Moore’s Law is generating a lot of animated discussion these days. Described first in a 1965 paper written by Intel Corp. co-founder Gordon Moore, the axiom predicts that the number of transistors that can be squeezed onto a computer’s integrated circuit board doubles every two years or so. Moore said that computing power would expand at that pace for a decade.
He was right and then some. Moore’s Law has held true in chip manufacture for 45 years. The newest models at Intel , IBM and Qualcomm , in fact, are threatening to blow past Moore’s Law, with size and power improvements that exceed even the blistering pace he predicted. Among the latest doodads: a 3-D chip unveiled by Intel in May that has conducting channels that stick up slightly, allowing electrons to move up and down, as well as left and right.
Yet silicon is a physical thing, governed by physical laws. At some point, when transistors have shrunk to the size of atoms, it will be impossible to make them any smaller. That physical limit suggests that the growth rate of computing power will slow and hit the wall. Depending on which theorist you ask, Moore’s Law will likely hit its expiry date between 2015 and 2020.

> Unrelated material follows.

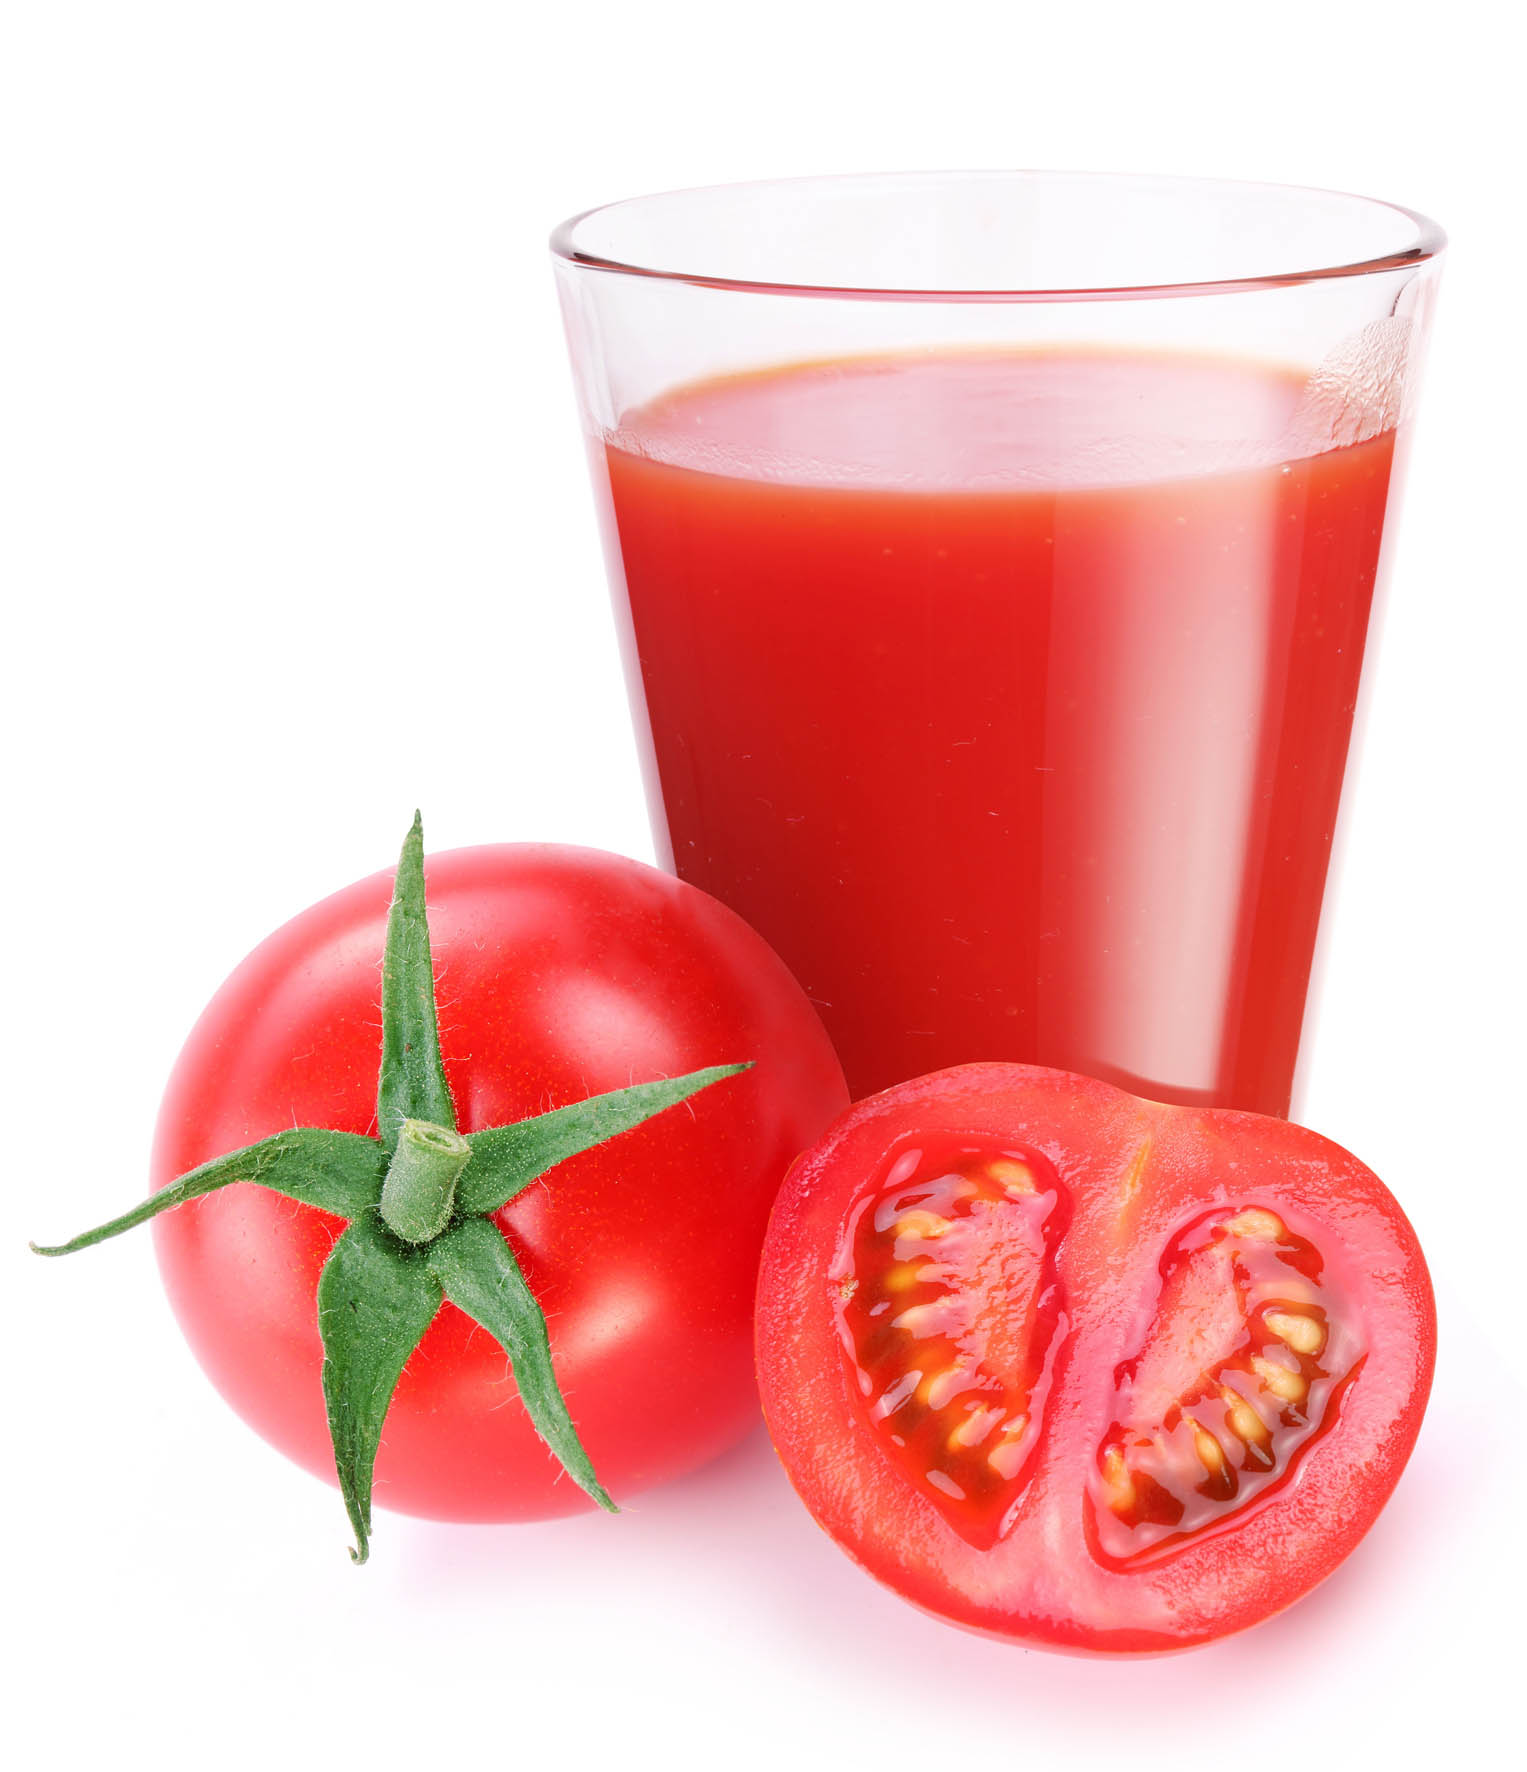 Dùng hỗn hợp bột yến mạch với sữa đông và nước ép cà chua thường xuyên rất tốt cho da
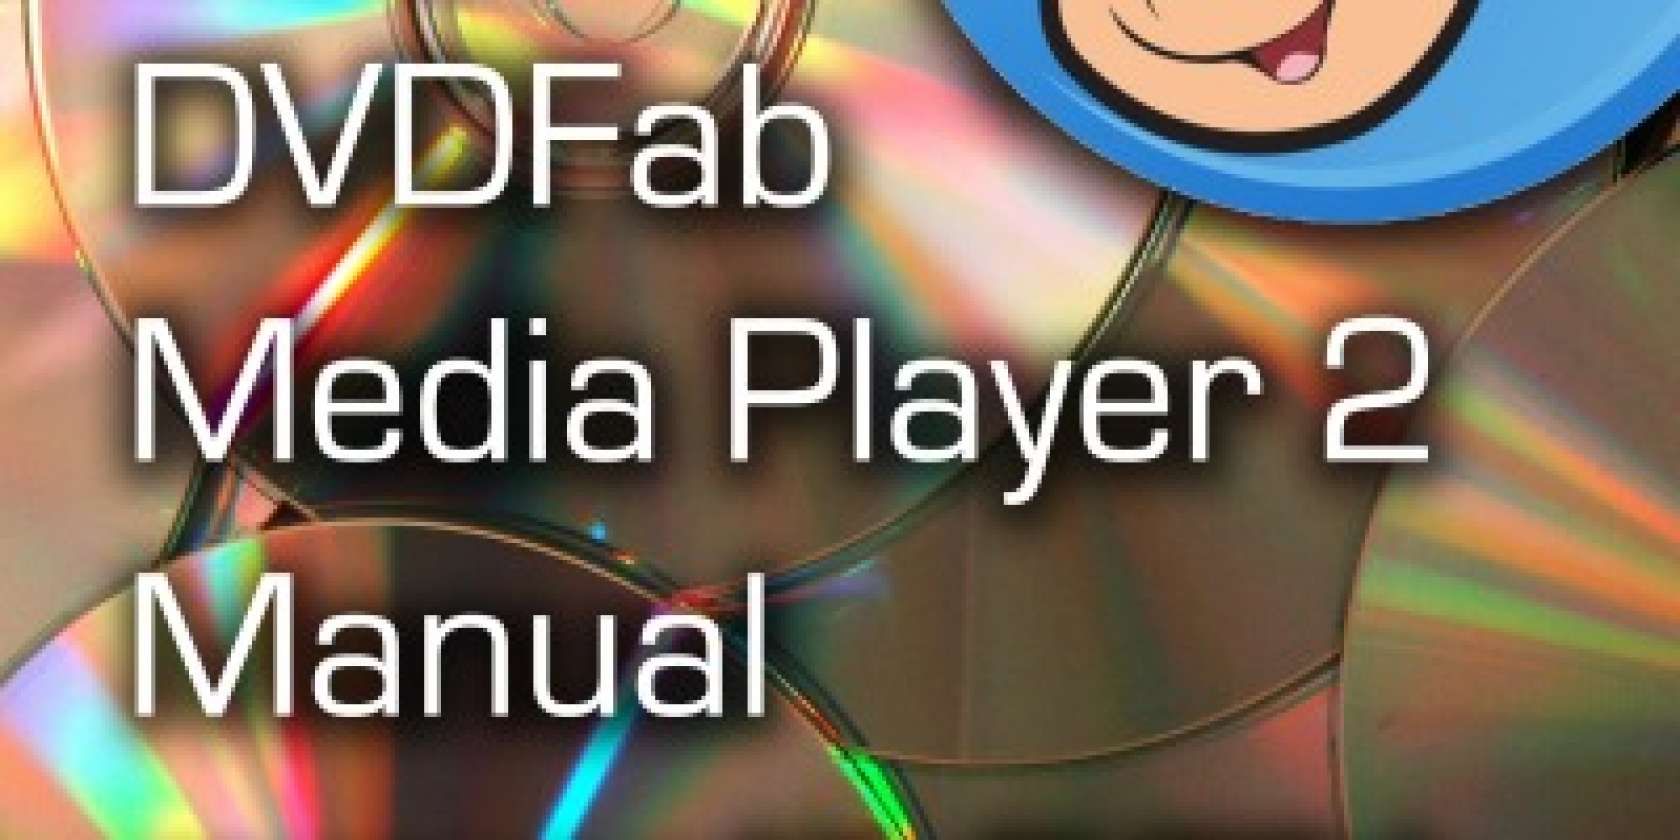 dvdfab media player 2 featured banner

Should we care? Absolutely, argues Michio Kaku in his latest book, The Physics of the Future. An esteemed American physicist and co-founder of string field theory, Kaku writes that our future economic prosperity will pivot on the discovery of a suitable replacement for silicon. This is where much of the recent animated discussion comes from. It’s focused on new research out of Cavendish Laboratories, the department of physics at Cambridge University. A study published in July provided new insights into “spintronics,” a potentially revolutionary new way of transferring information. Conventional electronics rely on harnessing the charge of electrons. Spintronics depends, instead, on manipulating an electron’s spin, and transforming it into a so-called spin current, which can then be used to store and transfer information in a way that generates little or no heat.
Obstacles remain, including harnessing enough spin current to meet the electricity requirements of existing computers and devices. There’s also work to be done to integrate spin current with existing semiconductor technology. Still, the idea is intriguing and would, if commercialized, offer a way of climbing back on Moore’s exponential growth curve even after reaching silicon’s limits.
Of course, if the idea of computers operating without electricity or batteries seems like science fiction, it’s nothing compared to what some theorists foresee if computing power keeps growing exponentially for decades. One concern is that we will develop computers that are more intelligent than humans. This is called “technological singularity,” where we pass a point beyond which the future may become impossible to understand.
Supercomputers could enable an “intelligence explosion,” says futurist Ray Kurzweil. Once those computers learn to evolve, they may choose a future not at all to our liking—cyborgs and all. As artificial intelligence theorist Eliezer Yudkowsky memorably put it: “The AI does not hate you, nor does it love you, but you are made out of atoms which it can use for something else.”
Perhaps our best hope is that 25-year Silicon Valley veteran Martin Ford is right. In his book The Lights in the Tunnel: Automation, Accelerating Technology and the Economy of the Future, Ford predicts a “technology paradox” that might precede singularity: So many jobs in the economy are automated that consumer demand plummets, destroying the incentive to invest in the technologies necessary to bring the singularity about.
Not a great outcome, but better than choosing between technological stagnation via Moore’s expiry or potential human extinction via its continuance.